In 1979 the
European Exchange Rate Mechanism (ERM) – a precursor to the euro –
was established. The ERM created a semi-fixed currency exchange rate
mechanism among the European members of the system which was anchored
to the Deutsche Mark. By 1992, less than two years after England
joined the ERM, it was obvious to interested observers that the
British pound had become significantly overvalued relative to the
Deutsche Mark.
At the time,
England had a large current account deficit and was experiencing a
nasty recession. Although the British Government was committed to
maintaining the BP’s peg to the Deutsche Mark, George Soros, in
what became billed as “the trade of the century,” began to
accumulate a large bet against the pound. After wasting billions in
taxpayer funds trying to support the pound, the British Government
eventually capitulated by exiting the ERM and the market forced a
nasty revaluation of the pound. Soros ended up netting over a
billion dollars in profits. (For the record, it has been speculated
with valid source documentation that the Rothschild family was behind
Soros’ attack on the British Government/Bank of England).
Let this be
a lesson in price-fixing, as the only thing accomplished by the
British Government’s endeavor was a massive transfer of wealth from
taxpayers to George Soros & Co. and likely even more to the
Rothschild family. Price fixing markets always fails eventually.
Fast-forward
to the present and we find Soros now attempting to profit from what
looks like a methodical, strategic devaluation of the Chinese
renminbi (yuan) by the Chinese Government.
But there’s
a big difference between England circa 1992 and China 2016. China is
running a massive trade surplus, it’s the world’s largest
importer/exporter and likely sports the world’s biggest GDP. It’s
financial condition is reinforced by $3.3 trillion in foreign
currency reserves. It can be argued that China is on the ascent to
become the next world superpower.
Perhaps the
most interesting “wild card” held by China is its Central Bank
hoard of gold. The $3.3 trillion in forex reserves does not include
the market value of the China’s State-owned gold. Alasdair Macleod
has produced compelling arguments which suggest that China could hold
well in excess of 20,000 tonnes of gold, nothwithstanding the current
amount to which China publicly admits.
Most
analysts who have been observing China for at least over a decade
have been wondering how it would be able to unload its massive
Treasury holdings, which at one point were around $1.4 trillion.
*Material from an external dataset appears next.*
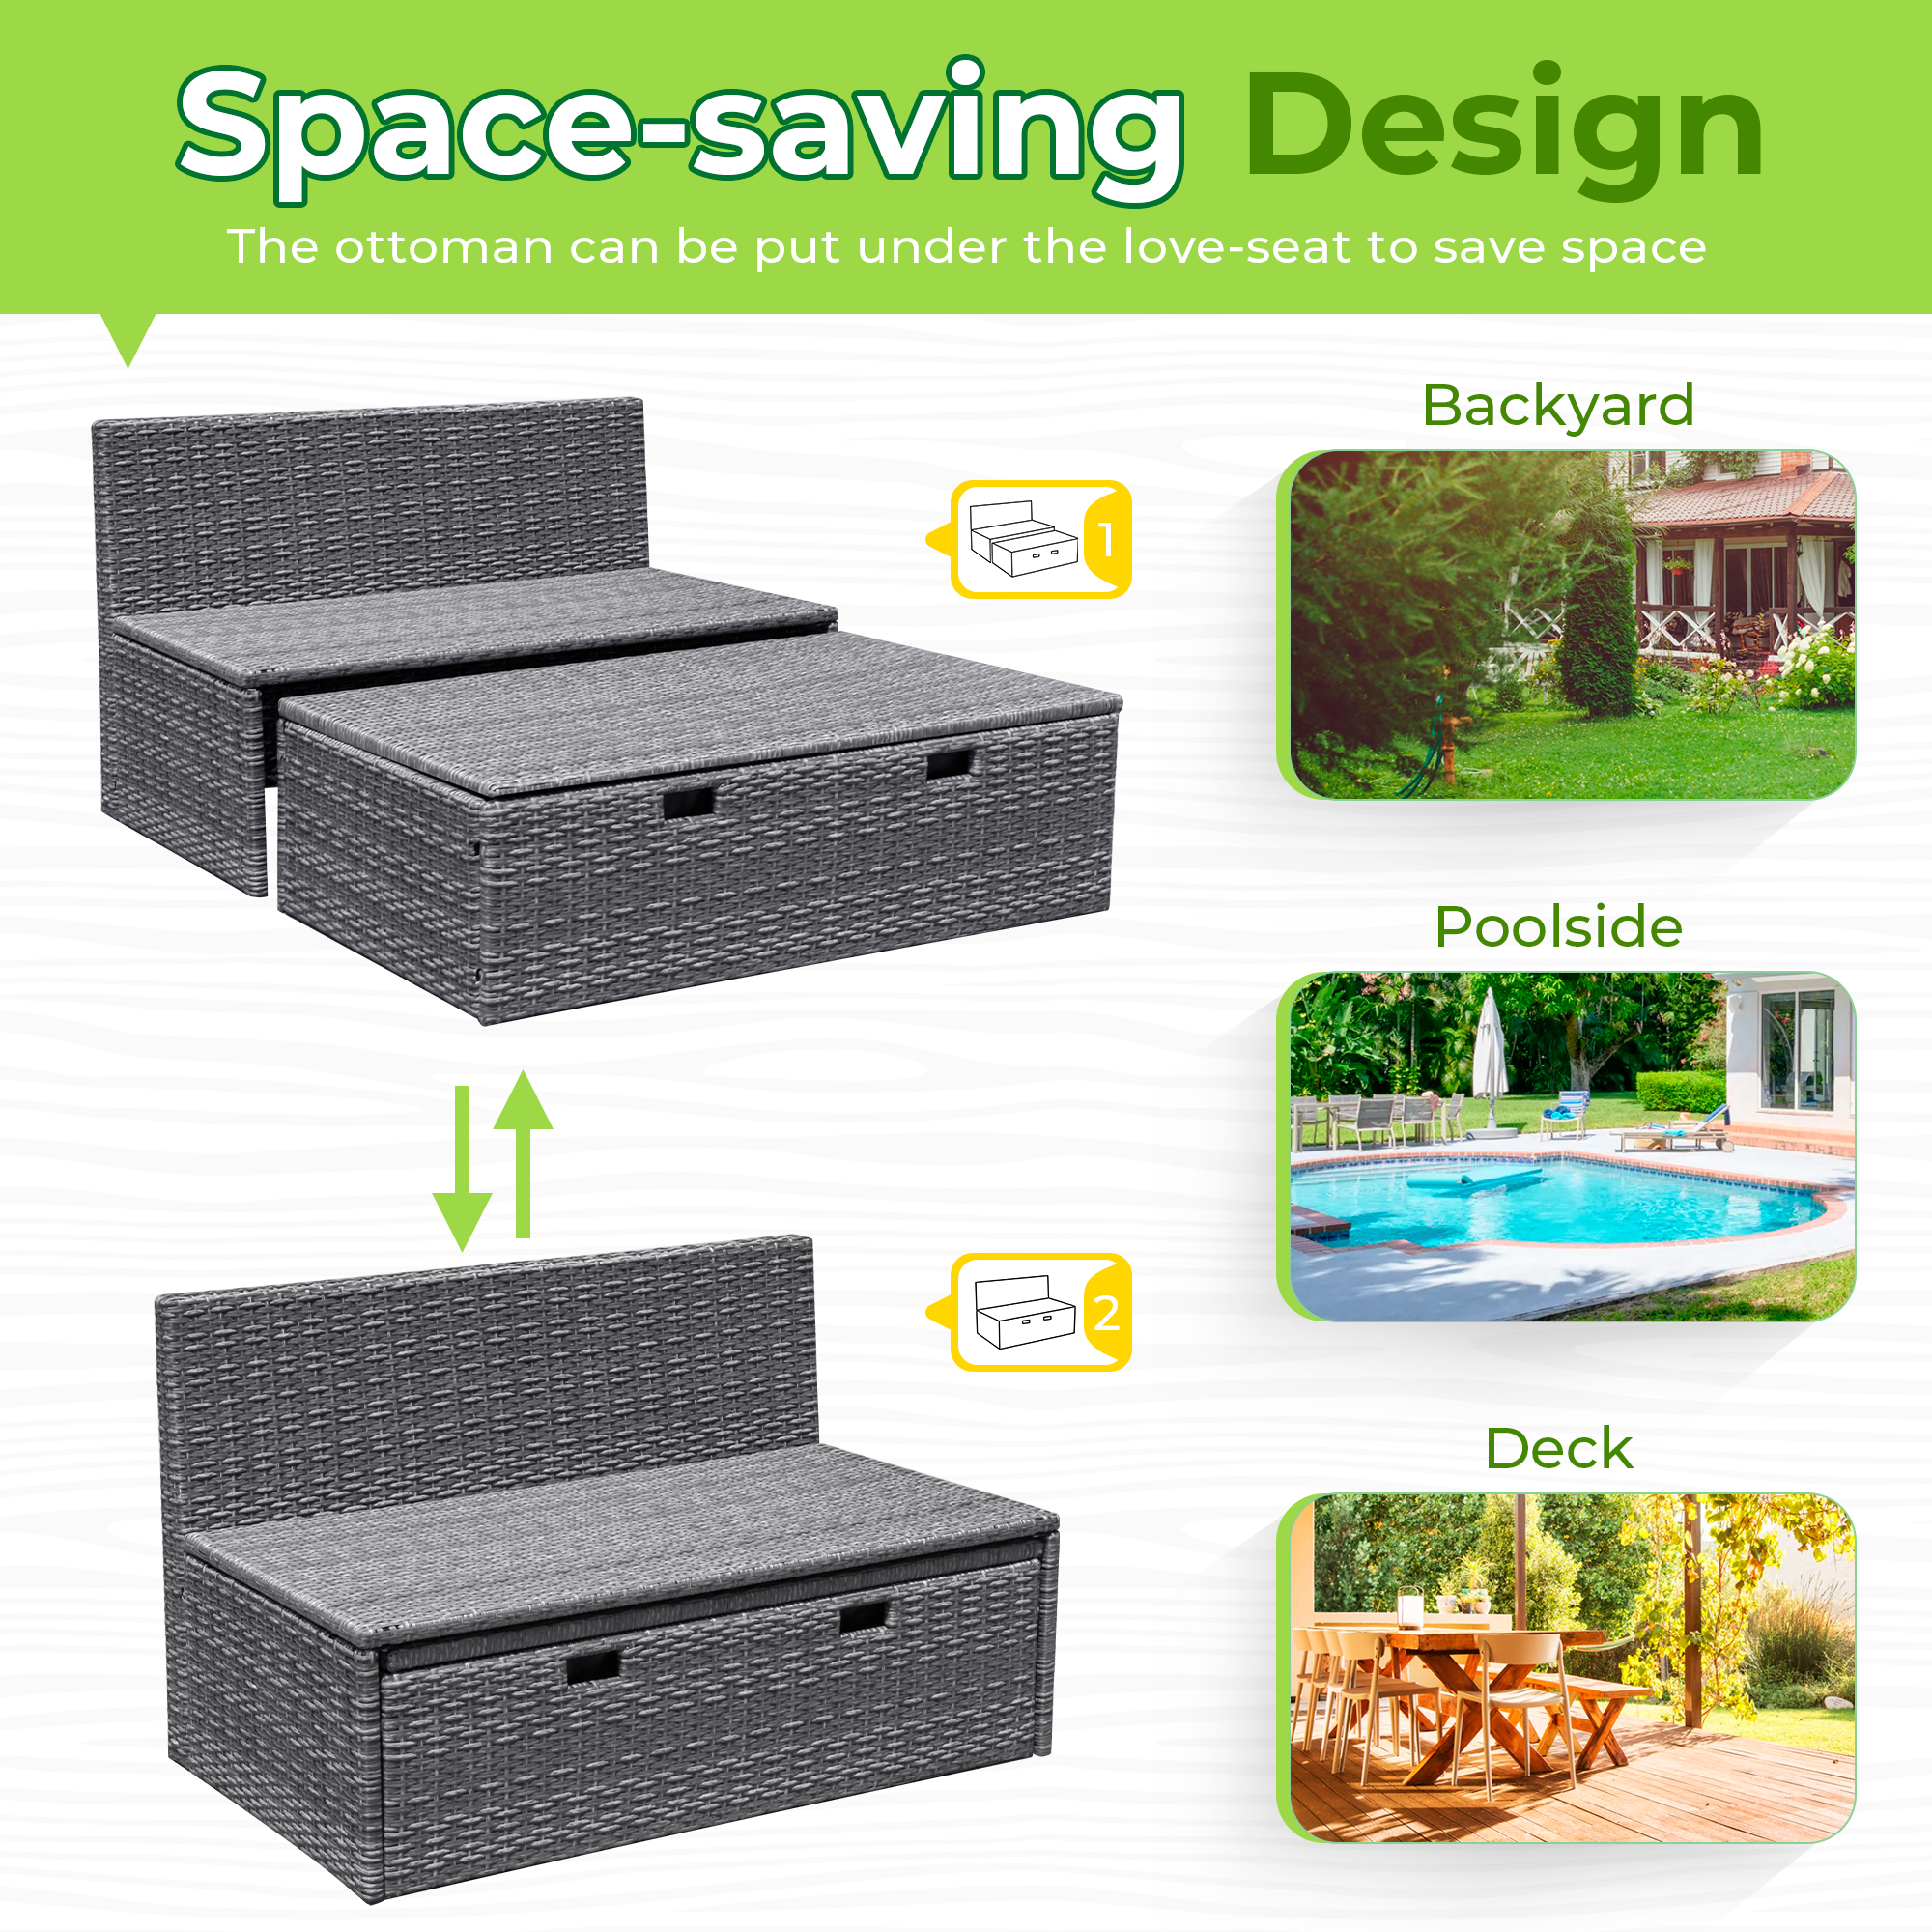 Homall Outdoor Daybed Patio Furniture Set Rattan Storage Daybed with Cushion and Side Table, Gray - image 3 of 8

The
market turmoil surrounding China’s intermittent currency
devaluations has stirred up a flight to safety bid for Treasuries in
the global markets into which China has already unloaded a couple
hundred billion dollars worth of Treasuries. Is China selling
dollars to support its currency or is there a more clever strategy at
work?
China likely
is not going to wait around to be a bagholder of a trillion dollars
in eventually worthless Treasuries. Enter George Soros who announced
recently with much bravado that he was betting big against the yuan.
The Chinese Government, via the State-owned People’s Daily
newspaper issued a frank warning to those who are openly speculating
against the yuan. Clear it was a shot across the bow back at Soros.